G = 1 - \sum_{k=1}^{K} p_k^2

where $p_k$ is the proportion of samples belonging to class $k$ in that node. If a node is perfectly pure (all one class), $G = 0$ . If classes are evenly split (binary case, 50/50), $G = 0.5$ .

Entropy (information-theoretic version):

H = -\sum_{k=1}^{K} p_k \log_2 p_k

A perfectly pure node has $H = 0$ . A 50/50 binary split gives $H = 1$ bit.

When evaluating a potential split, the algorithm computes the information gain (or Gini reduction):

\text{Gain} = H(\text{parent}) - \sum_{j} \frac{n_j}{n} H(\text{child}_j)

where the sum runs over the child nodes created by the split, $n_j$ is the number of samples in child $j$ , and $n$ is the total in the parent. The split with the highest gain wins.

The algorithm checks every feature and every possible threshold for that feature. For a continuous variable with 100 unique values, that’s 99 possible splits for that feature alone.
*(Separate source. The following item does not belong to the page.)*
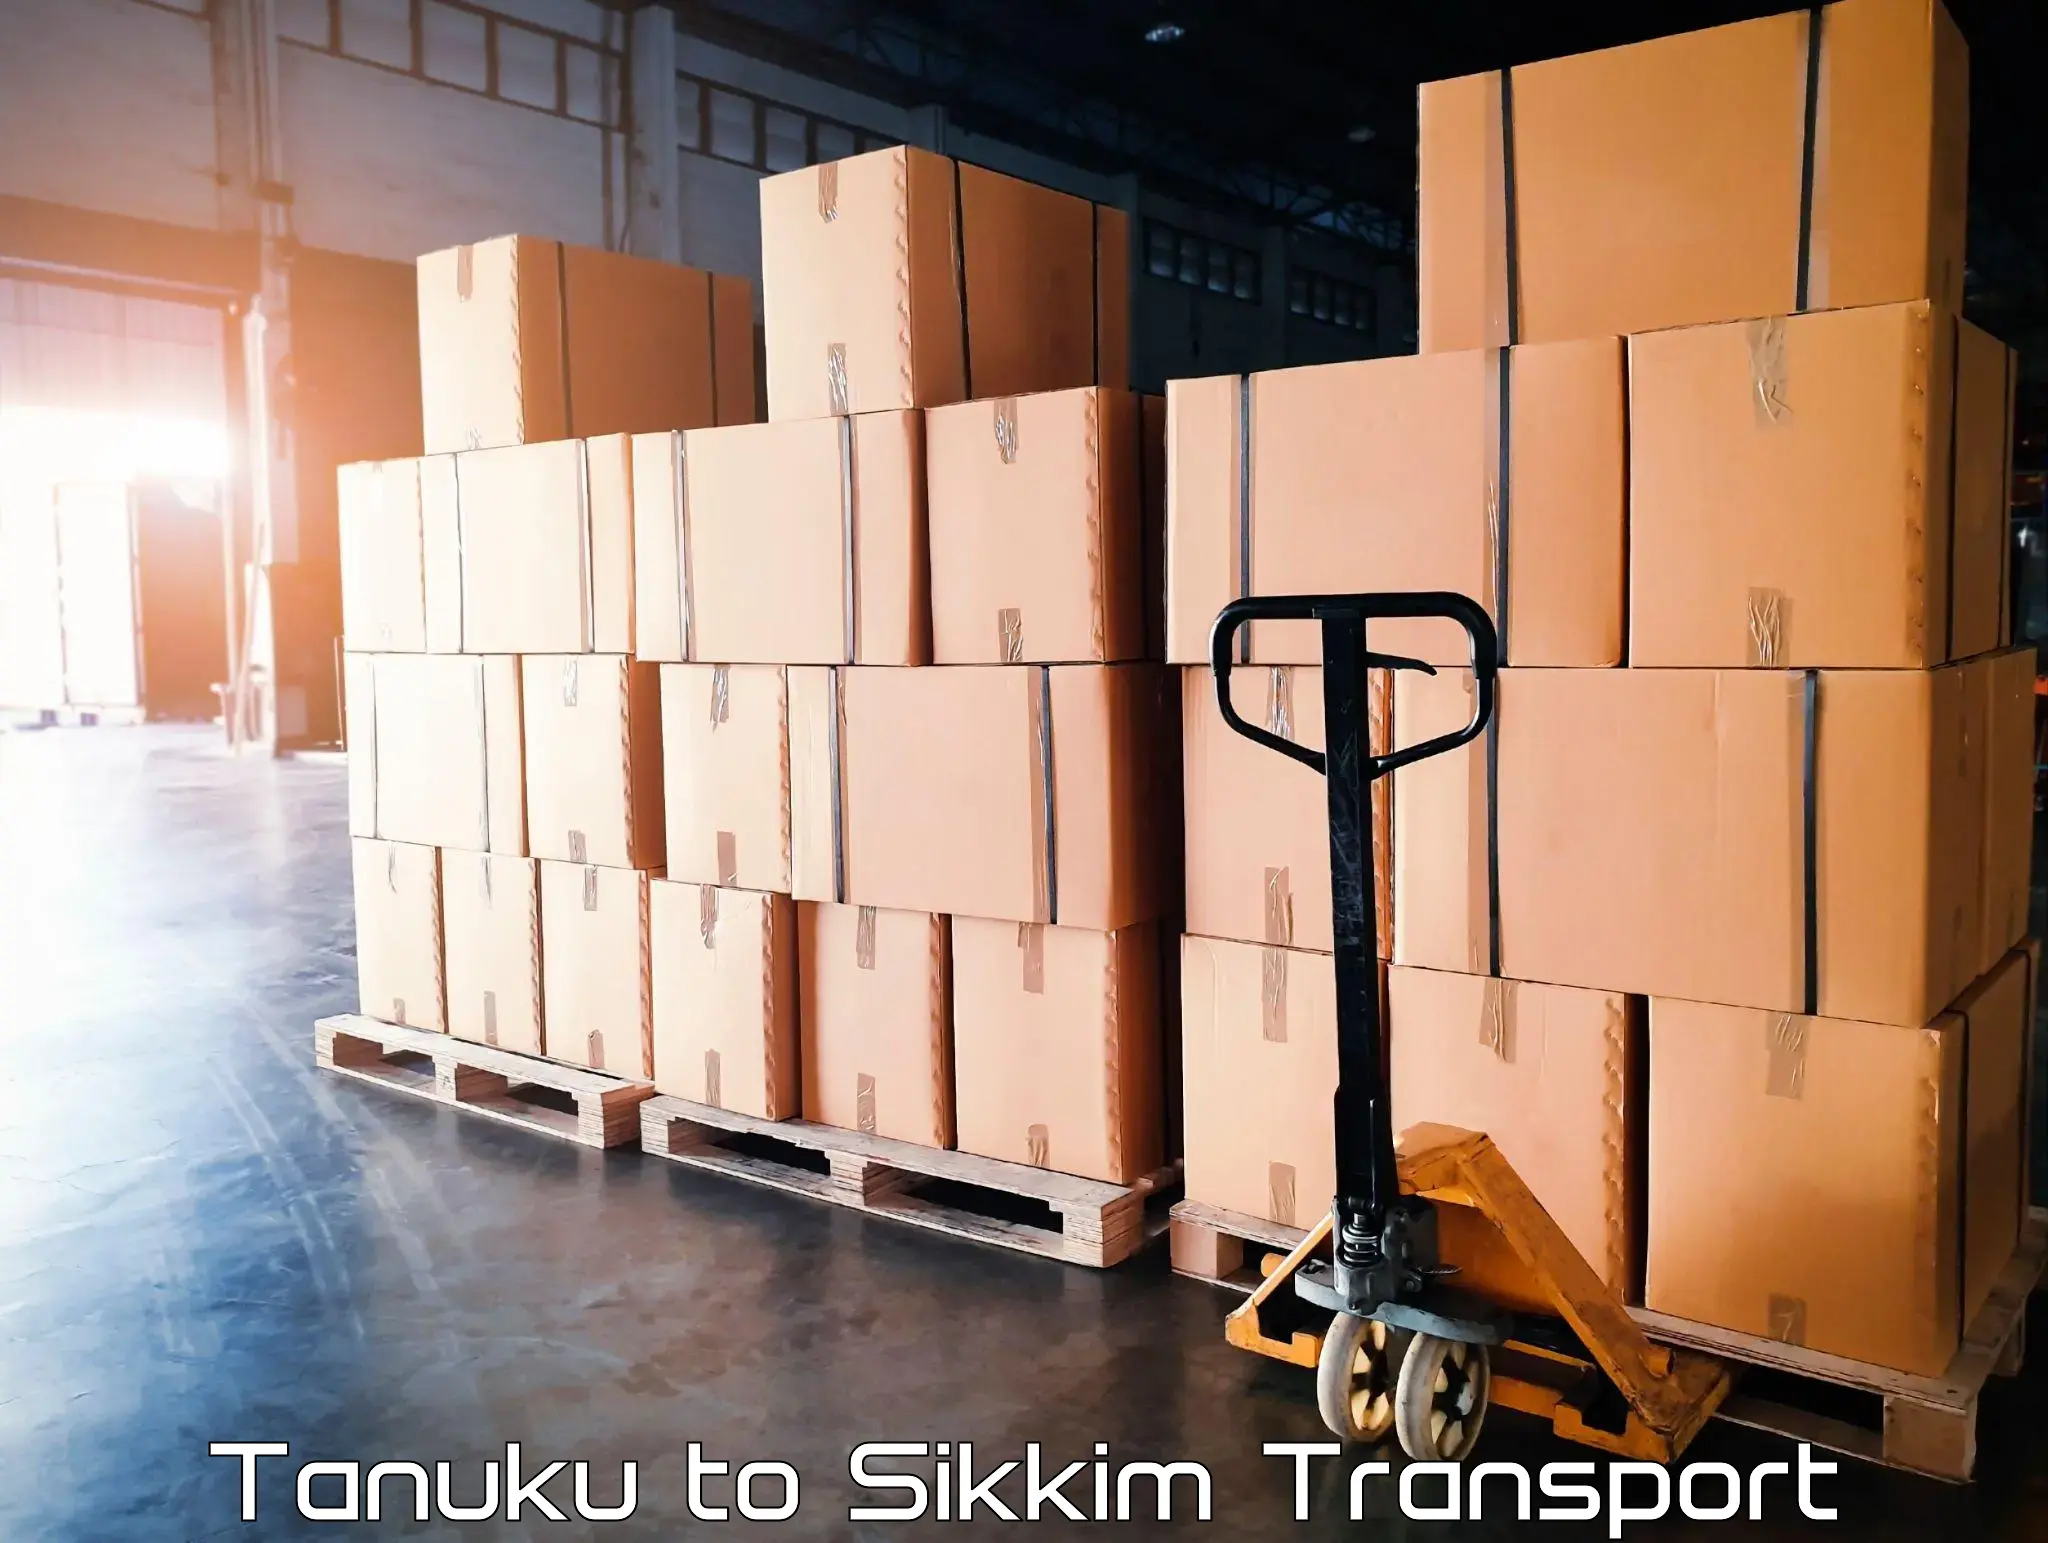 Transport bike from one state to another Tanuku to Sikkim

Multiply by the number of features and you see why training is computationally straightforward but not free.

The code

Training vs test accuracy across decision tree depths showing overfitting

Here’s a complete example: training a decision tree, inspecting what it learned, and understanding where it breaks down.

import numpy as np
from sklearn.datasets import make_classification
from sklearn.tree import DecisionTreeClassifier, export_text
from sklearn.model_selection import train_test_split

rng = np.random.default_rng(42)

# Create a dataset with 2 informative features and 1 noisy one
X, y = make_classification(
    n_samples=500,
    n_features=3,
    n_informative=2,
    n_redundant=0,
    n_clusters_per_class=1,
    random_state=42
)

X_train, X_test, y_train, y_test = train_test_split(
    X, y, test_size=0.3, random_state=42
)

# Unpruned tree (will overfit)
tree_deep = DecisionTreeClassifier(random_state=42)
tree_deep.fit(X_train, y_train)
print(f"Unpruned depth:    {tree_deep.get_depth()}")
print(f"Unpruned train acc: {tree_deep.score(X_train, y_train):.3f}")
print(f"Unpruned test acc:  {tree_deep.score(X_test, y_test):.3f}")

# Pruned tree (controlled complexity)
tree_pruned = DecisionTreeClassifier(
    max_depth=4,
    min_samples_leaf=10,
    random_state=42
)
tree_pruned.fit(X_train, y_train)
print(f"\nPruned depth:      {tree_pruned.get_depth()}")
print(f"Pruned train acc:   {tree_pruned.score(X_train, y_train):.3f}")
print(f"Pruned test acc:    {tree_pruned.score(X_test, y_test):.3f}")

# Print the pruned tree's rules
print("\nDecision rules:")
print(export_text(tree_pruned, feature_names=["feat_0", "feat_1", "noise"]))

The unpruned tree will score near-perfect on training data and noticeably worse on test data. That gap is overfitting in action. The pruned version sacrifices a few points of training accuracy to hold up better on new data. The printed rules show exactly what the tree learned, and you’ll likely notice that the noise feature barely appears. The tree figured out which features carry signal and which don’t, without you telling it.

Business application

Credit scoring and loan approval. Decision trees are common in financial services because regulators require explainability. A loan officer can point to the exact rule chain that produced a decision. “This applicant was rejected because their debt-to-income ratio exceeded 0.45 and their credit history was under 3 years.”

Customer segmentation. Trees naturally produce segments. Train a tree to predict churn, then look at the leaf nodes. Each leaf is a customer segment defined by concrete feature thresholds, ready to hand to a marketing team without any translation.

Medical diagnosis support. Trees mirror how clinicians think: sequential questions that narrow the diagnosis. They’ve been used in triage protocols and clinical decision support systems where interpretability is non-negotiable.

When NOT to use a single tree. Don’t rely on one decision tree for high-stakes predictions. Individual trees have high variance: small changes in the training data can produce completely different tree structures. This is why ensemble methods exist. Random forests (typically 100 to 500 trees, each trained on a bootstrapped sample with random feature subsets) and gradient boosting (trees trained sequentially to correct each other’s errors) consistently outperform single trees. Use a single tree when you need interpretability. Use an ensemble when you need accuracy. If you need both, look at methods like SHAP values applied on top of an ensemble.